# Craftsman Handle Extension



## sh00k (Jan 20, 2016)

Hi, new to the forum but I've been reading throughout for a few years. I tried my best to choose the right area to post this but please feel free to correct me if I am wrong.

I have a Sears Craftsman C950 model. It's not new but it works well and I after a carb rebuild, it's running like new.

Unfortunately, as I get older, it's getting harder to use due to the low height of the bars. I'm 6'4 (The bars are well below my hips) and after plowing my driveway, I often regret not just shoveling the **** thing. 

I tried to raise the bars by forcing the top bar up in the bolts (obviously not meant for this) and obviously ran into a cable length issue. I'm not opposed to getting new cables but I don't even believe the handle bars are meant to be pinned that high so it likely would be a waste when they tip forward/backward.

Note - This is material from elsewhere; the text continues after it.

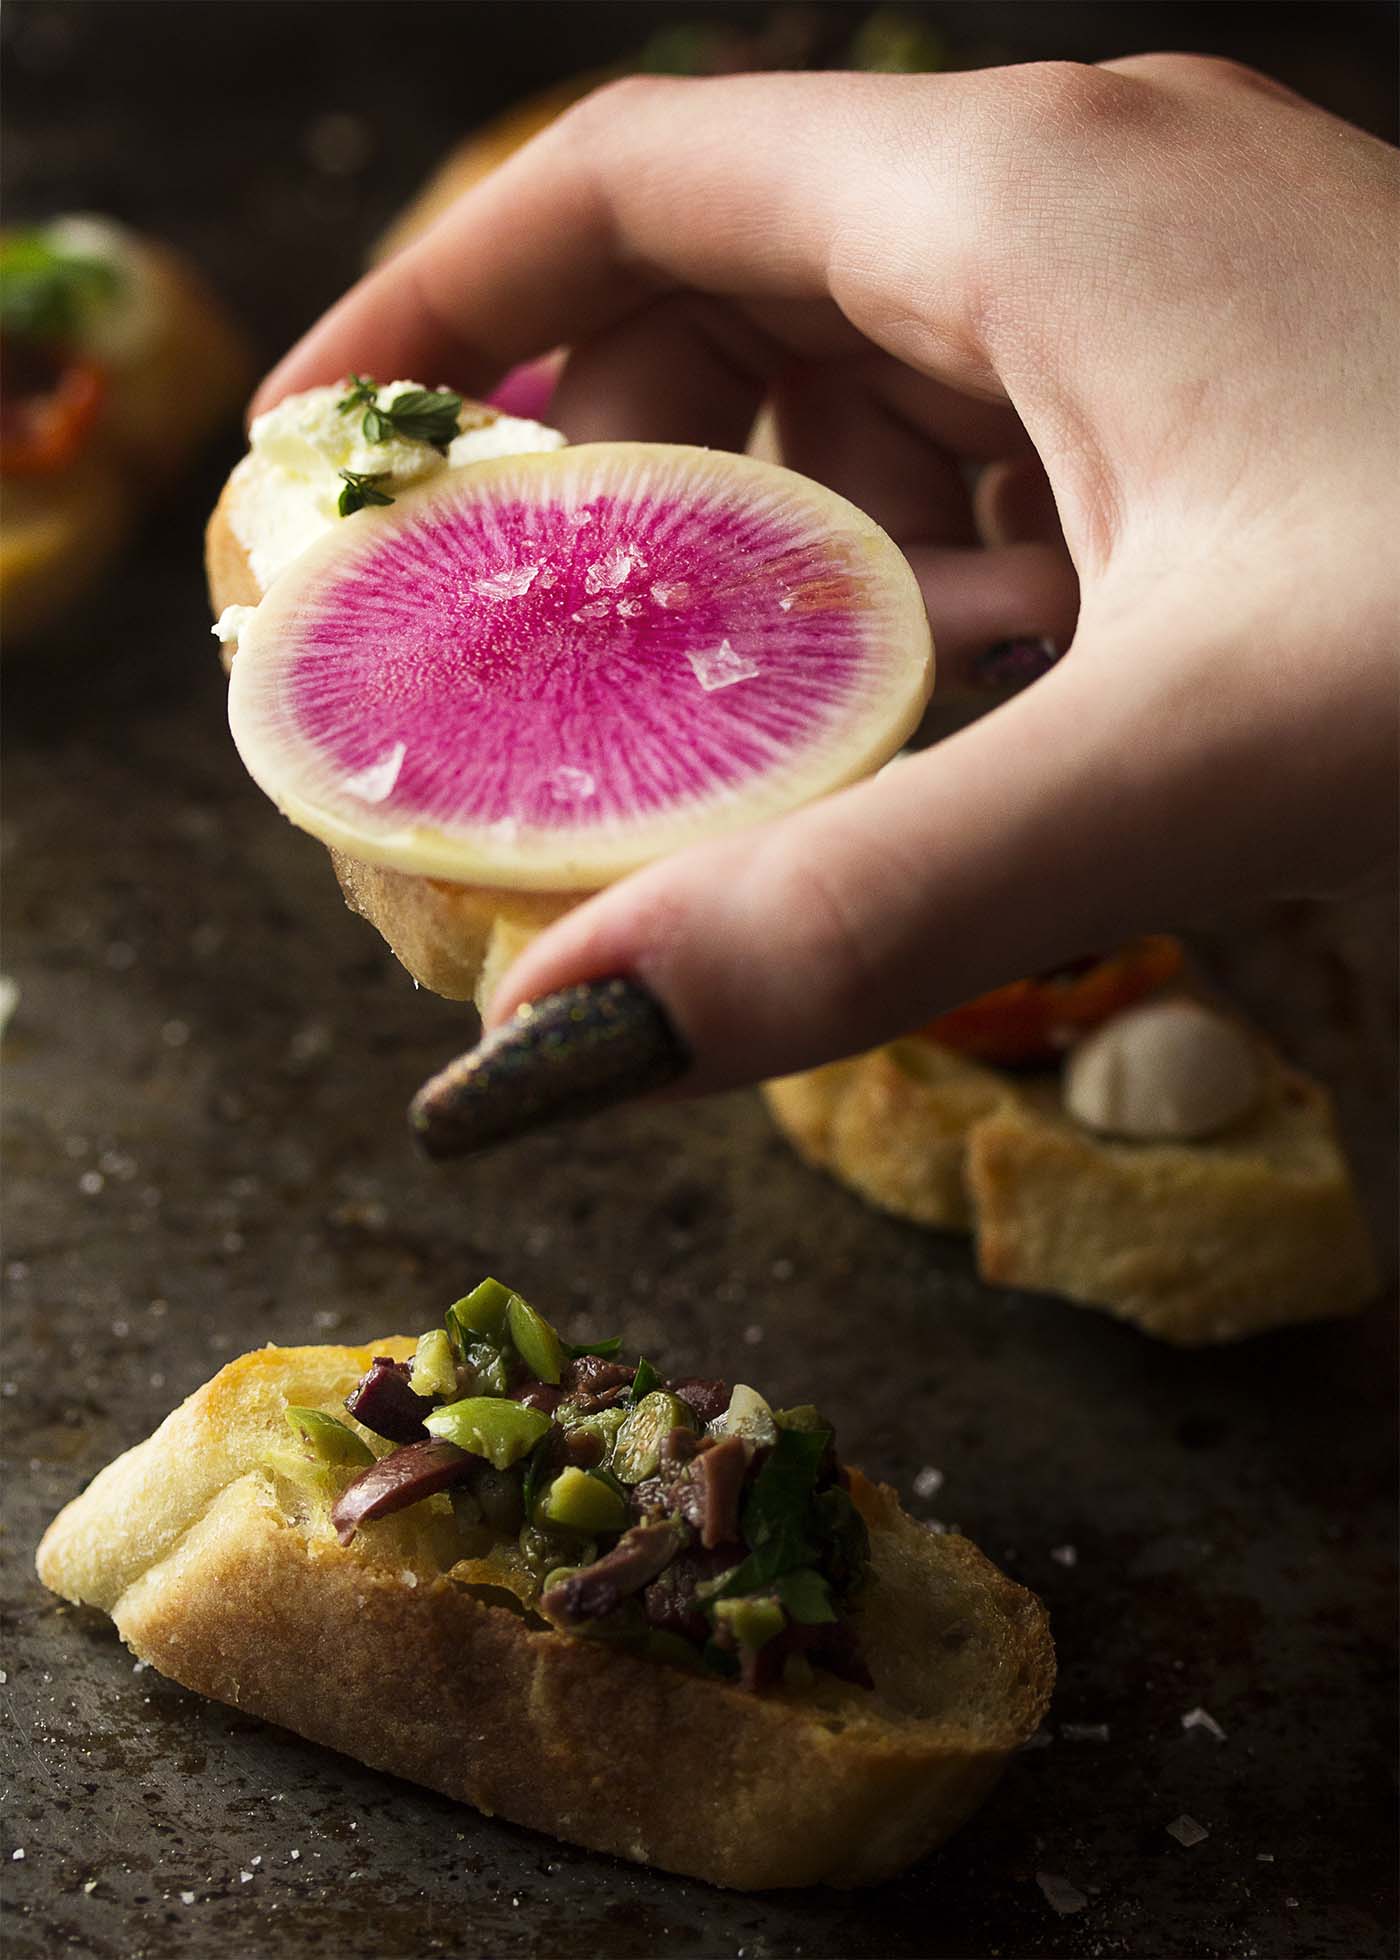 A hand holding up a crostini with goat cheese spread and a watermelon radish slice.
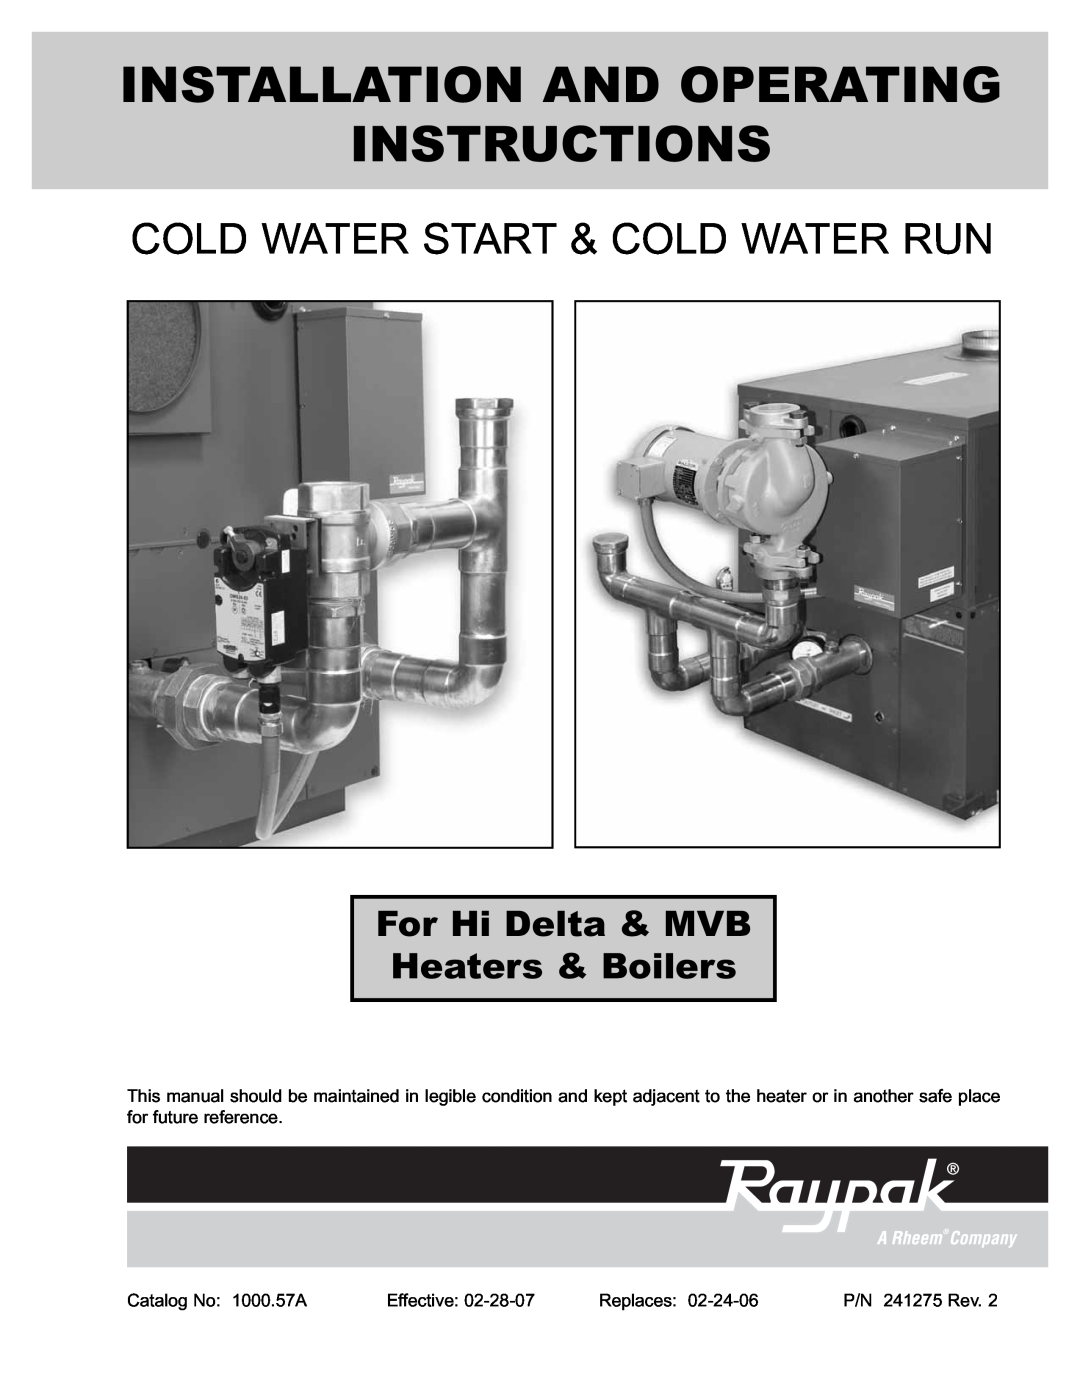 Raypak 241275 manual Installation And Operating Instructions, Cold Water Start & Cold Water Run

Long winded post - sorry. Does anyone have any experience with these and/or suggestion of someone/company that makes any kit? Where I live, I will not have success getting this thing to a custom shop.

Thanks all


----------



## skutflut (Oct 16, 2015)

Pictures would help. How much extension are you trying to get, about 4" I presume?


----------



## Shryp (Jan 1, 2011)

You could try larger tires as well. What about selling your machine and looking for one that is more comfortable to use?


----------



## bad69cat (Nov 30, 2015)

Most machines are designed for an average of 5'7" ish - so, yeah. I can understand why he has trouble. I like the idea of taller tires, but not sure if that will get you into trouble with the scraper bar angle or not? The handles on these machines are not that strong anyway - so extending them might leave you without much strength left. I think getting custom handles made would be your best bet and simple solution. I would build myself a prototype out of wood and get a feel for it - then see how you could rout the cables, or get an idea of what you need and see what you can find. THEN, take your prototype to a fab shop (or send it to one) have them make it out of good tubing..... hows that for a long winded post! ;>P


----------



## nwcove (Mar 2, 2015)

Wheres that thread from the guy that makes them for hondas? It may give the op some ideas on what he might need to try.


----------



## Kiss4aFrog (Nov 3, 2013)

:welcome: to the forum sh00k


----------